Personas as a design tool


This post is part of a series discussing the process we’re undertaking to redesign our user interface and branding. We’re sharing in the spirit of “designing in the open” with the hope that it might be of value to our customers and others in our community.

In my previous post, I mentioned how we have utilised research methods to inform our practice (my talk on service design at last year’s Saasu conference, presented before I joined the Saasu team, expands on this somewhat). One of the challenges with using such research, whether it be qualitative or quantitative, is how to communicate and represent the data in a way that’s meaningful to the design team. While we can’t map every single one of our users’ requirements, our aim is to “package” our research findings in way that we can keep our customers front and centre in our design process.

Imagine that you’ve done some surveys (quantitative research) and you have some good information on your customers. Typically this information is presented in summary, for example:

  • Age: 28–42 years of age
  • Gender: 32% male/68% female
  • Income: $50k–85k

As a designer, it’s very hard to design to that. What does it all mean?

Qualitative data can be added to the picture to help provide further insights. For example, through interviews or a mobile diaries study we might find that our participants really enjoy the outdoors and hold family to be very important.

This “richer” data can be very helpful, but we don’t want to design specifically for interviews.
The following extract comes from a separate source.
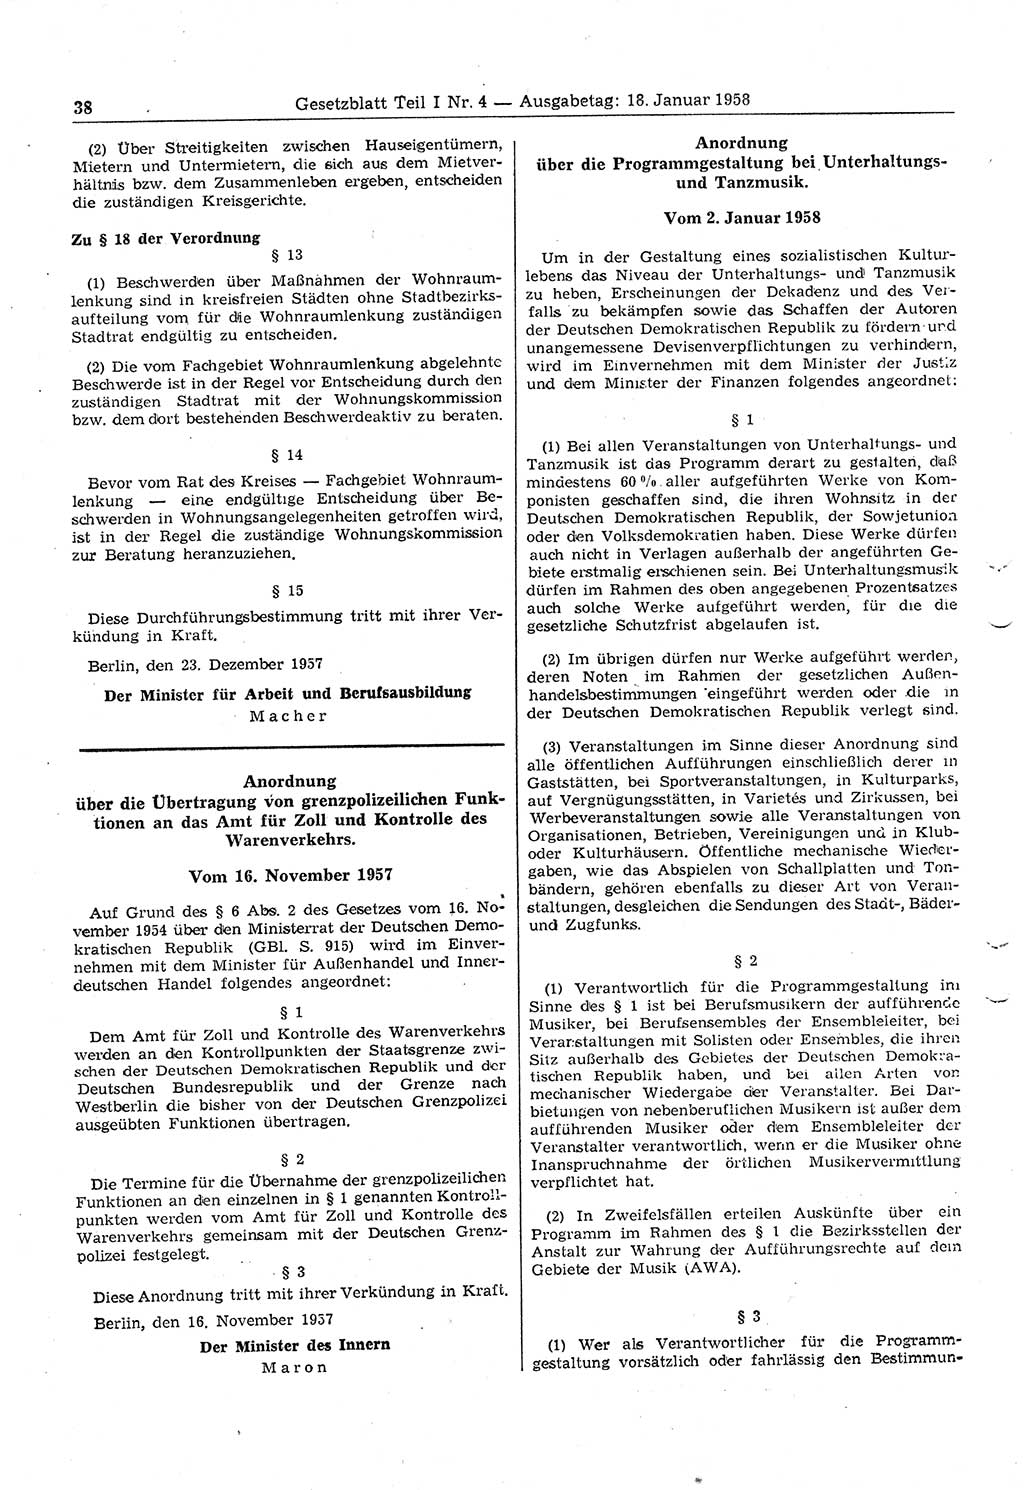 Gesetzblatt (GBl.) der Deutschen Demokratischen Republik (DDR) Teil Ⅰ 1958, Seite 38 (GBl. DDR Ⅰ 1958, S. 38)
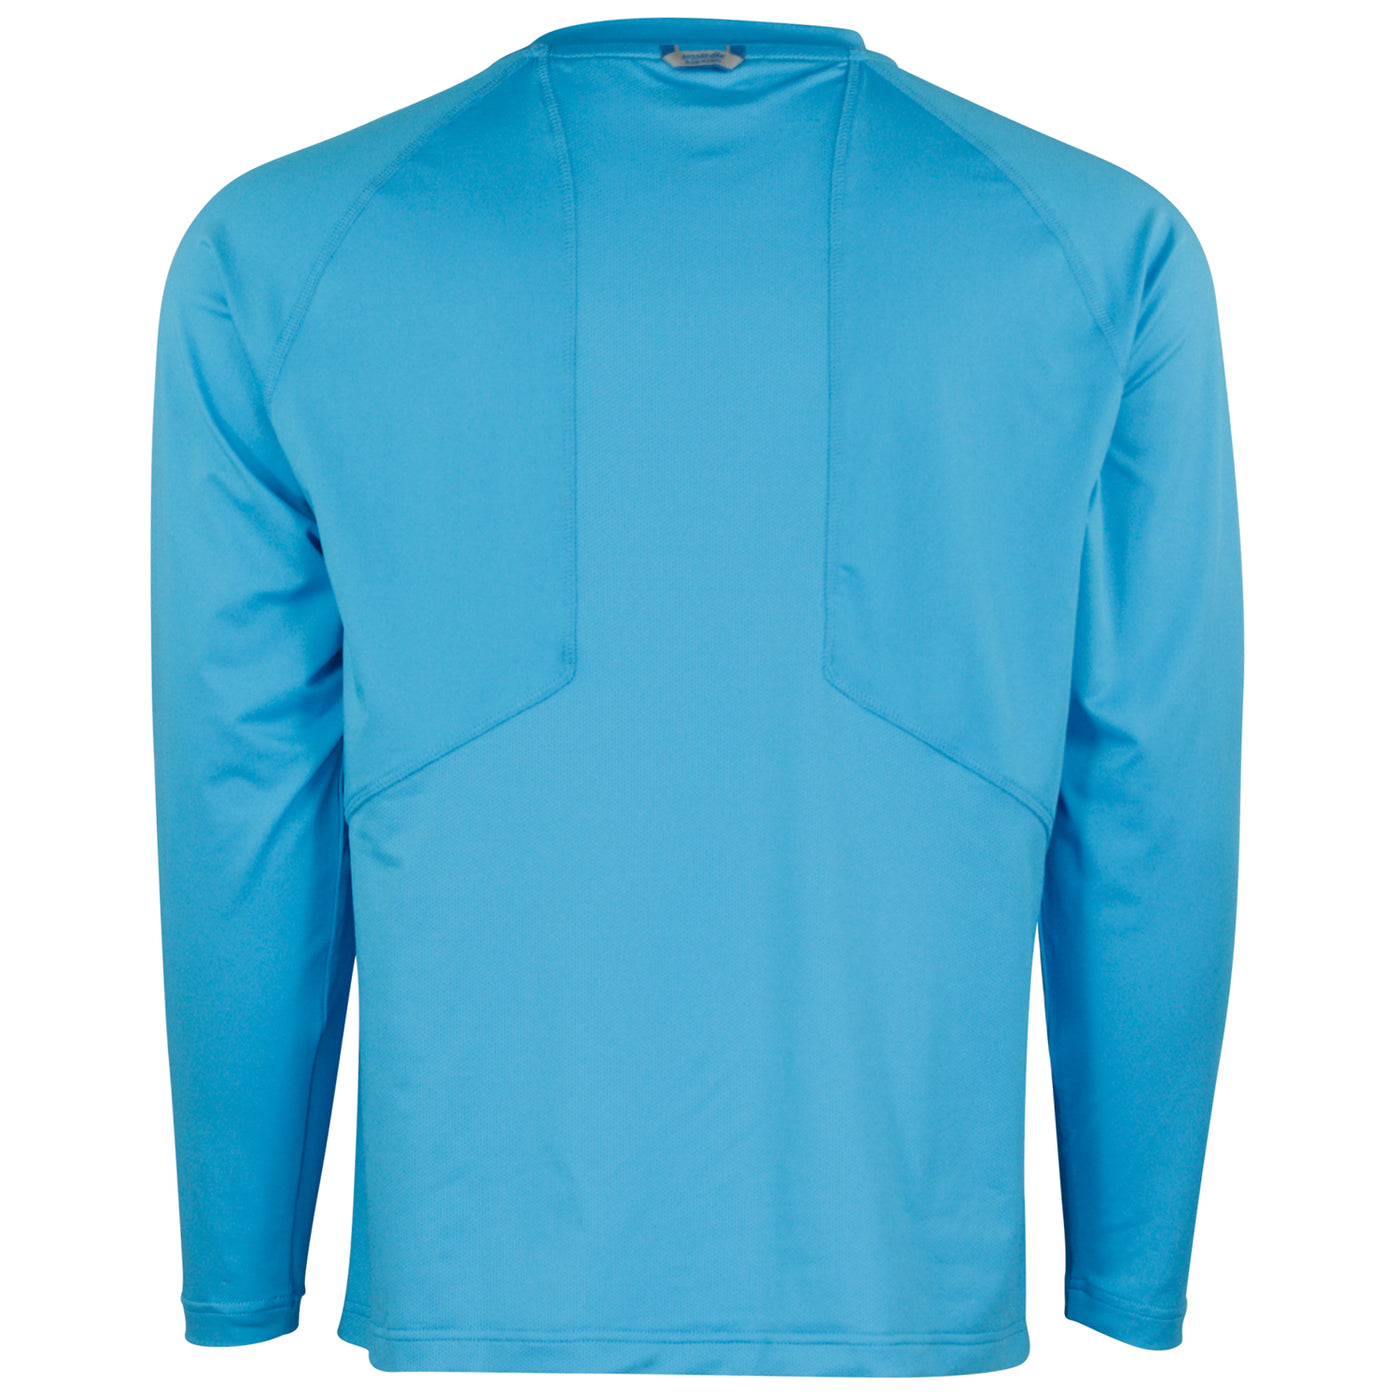 Mossy Oak Men's Long Sleeve Coolcore Fishing Shirt Blue Horizon Back

Plus, it can be very hard to connect the data-sets (qual and quant) together in ways that the design team, business stakeholders and other interested parties can use. This is one place where a tool known as personas can really help.

Saasuvians Grant and Coralie working with personas at the Saasu office

In my previous design practice I put together a short guide to personas (available under a Creative Commons license) that explains a little bit about what personas are and how they work. From the guide:

Personas are discussion documents that we use to help us see our work through the eyes of the people we aim to serve—our internal and external stakeholders: customers, suppliers, donors, staff, constituents, citizens etc.  They represent archetypical (but importantly not stereotypical) users of the products, systems, and other business processes we are considering in our work.

There are a couple of key points in there. The first is that personas are only as valuable as the discussions they enable. The actual document/artefact is a small part of the value that they provide. The second thing is that we should not fall into overly simplistic caricature when we develop personas. For this reason, they are best based on research1.

I find the value of personas is difficult to get across in words alone, unfortunately. It is not until you experience them in the context of a project that their value becomes fully apparent. I had one client who worked with qualitative and quantitive research findings on a regular basis comment on how effective personas were at representing learnings in a way that’s meaningful and actionable, moreso than the reports and traditional communications they’d used in the past. This is the key value of personas, in my view.

I could write a whole series on personas—workshop and other methods to create them, dos and don’ts etc.—but I’ll skip that for the moment. (Please do drop us a comment if you’d like to learn more about this method, as I’d happily expand if there is interest.)

In brief, we find personas help us to:

  • Keep the people we aim to serve at the centre of our attention.
  • Imagine walking in the shoes of the people we aim to serve—to empathise and to see what we are working on from their perspective. Will it make sense based on their mental models and perspectives? (i.e. the way they approach problem solving and how they frame obstacles etc.)
  • Discover new opportunities to service our customers—by thinking of our offering from their perspective we can find new ways of meeting those needs that we might have otherwise done considering things from an internal perspective.
  • Focus our work—whether that be determining what features to build or where marketing and advertising would be best placed.

I find in practice that a “working set” of about 4 well-constructed personas works well for any given project. We have about 10 personas in total, which we re-organise/prioritise depending on the project we are working on. Our personas were based on the interviews with our customers and partners I’ve mentioned earlier, and no doubt will continue to evolve as our research practice expands. We combined these learnings with staff knowledge of our customers (e.g. from service calls, meetings with customers, conference conversations etc.) to develop a number of personas related to our business. We’ve found them to be particularly effective as a tool to focus the team and to communicate the needs of our customers.

Have you used personas in your business? What was your experience like?

Notes

  1. Some experienced practitioners take a harder line than I do, arguing that personas should only ever be based on research data, and should not include any creative license or information garnered from staff domain expertise. I’ve personally found that even semi-fictional personas based on the experience of staff can be very helpful at illuminating assumptions and perspectives. And sometimes they be surprisingly accurate (i.e. that further research supports the original assumptions), especially when they are based on interactions with the stakeholders we are seeking to represent. However, it is important to recognise what personas are based on and to treat them accordingly, and to verify/inform with research at every opportunity.